Tuesday, May 22, 2018

Russia’s ‘Main Export’ Now isn’t Gas and Oil; It’s Corruption, Pastukhov Says


Paul Goble

            Staunton, May 22 – “The main export of Russia today to the West is hardly oil and gas ass many think,” Vladimir Pastukhov says. “Rather it is the export of [Putin-era Russian] ethical and political standards, or crudely speaking, the export of corruption,” given the enormous sums of unearned cash that suddenly fell into the hands of some Russians 20 years ago.

            Speaking via Skype on the Ekho Moskvy program, “Personally Yours,” yesterday, the Russian historian who currently works at University College London says that the amount of such money “is so large that it has had a traumatic impact on the political system of the West, on its judicial and law enforcement systems” (echo.msk.ru/programs/personalnovash/2204896-echo/).

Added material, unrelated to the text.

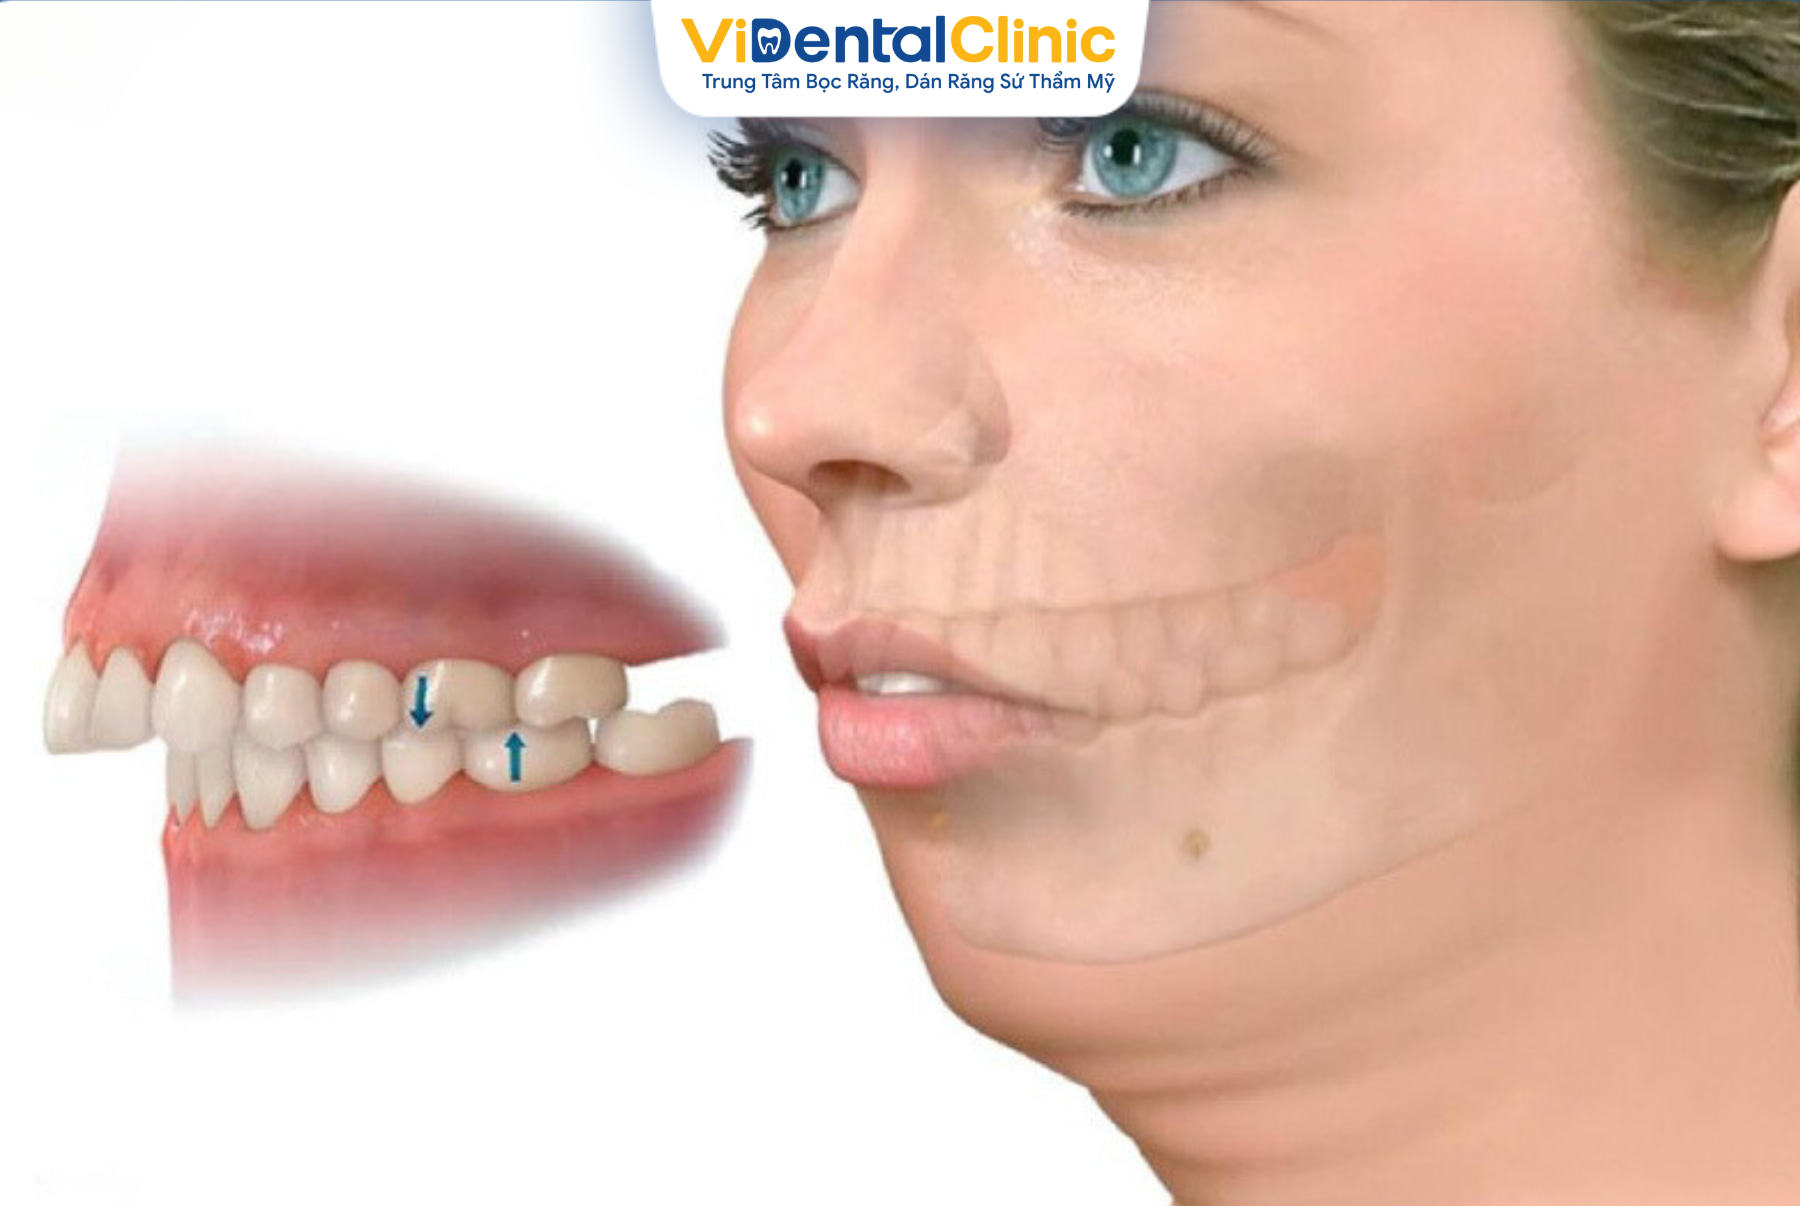 Bọc sứ là kỹ thuật chỉnh hình cho răng hô được áp dụng phổ biến trong nha khoa

                “The Western system of course has a higher level of immunity to corruption that does Russia and countries of the third world,” Pastukhov says; “but it isn’t absolute. And therefore Western countries must do something about it.” That is what Britain and other Western countries are now trying to do.

            But the Russian historian says that he is “deeply skeptical” that the measures taken so far or even being contemplated will have an impact on Putin and his friends as their authors hope.  They are more likely to affect those Russians who have simply tried to protect their wealth by putting some of it beyond the borders of Russia.

            Complicating the response is the fact that many Western societies are deeply split about what to do, with some now moving in an extremely left-wing direction as in Britain and quite sympathetic to Putin and his regime if not to the oligarchs regarding whom they draw a clear distinction and others only too happy to profit from the corrupt Russian money.

            In the course of a wide-ranging discussion, Pastukhov made a number of other noteworthy comments:

·         “In Russia over the last 20 years and perhaps more, a process of desstorying elites and the degradation and reduction to nothing of their autonomy and independence has been going on.”

·         Aleksey Kudrin’s return to the government “must not be underrated.” Not only is he likely to have a chance to rise higher than his current position as head of the Audit Chamber, but he represents a focus of hopes and dreams of many in the elite precisely because he is one of the last who is able to differ with Putin and survive.

·         With its propaganda outlets like Russia Today, “Russia is producing an ideological product without having a serious ideology,” something that is obvious to anyone who plays close attention.

·         And, perhaps most intriguingly, “Putin is one of the numerous essences of Vladimir Vladimirovich Putin, one of those many people who live within him.  These faces are not always in a position to agree with one another in much the same way that the heads of a mythological dragon can’t either.”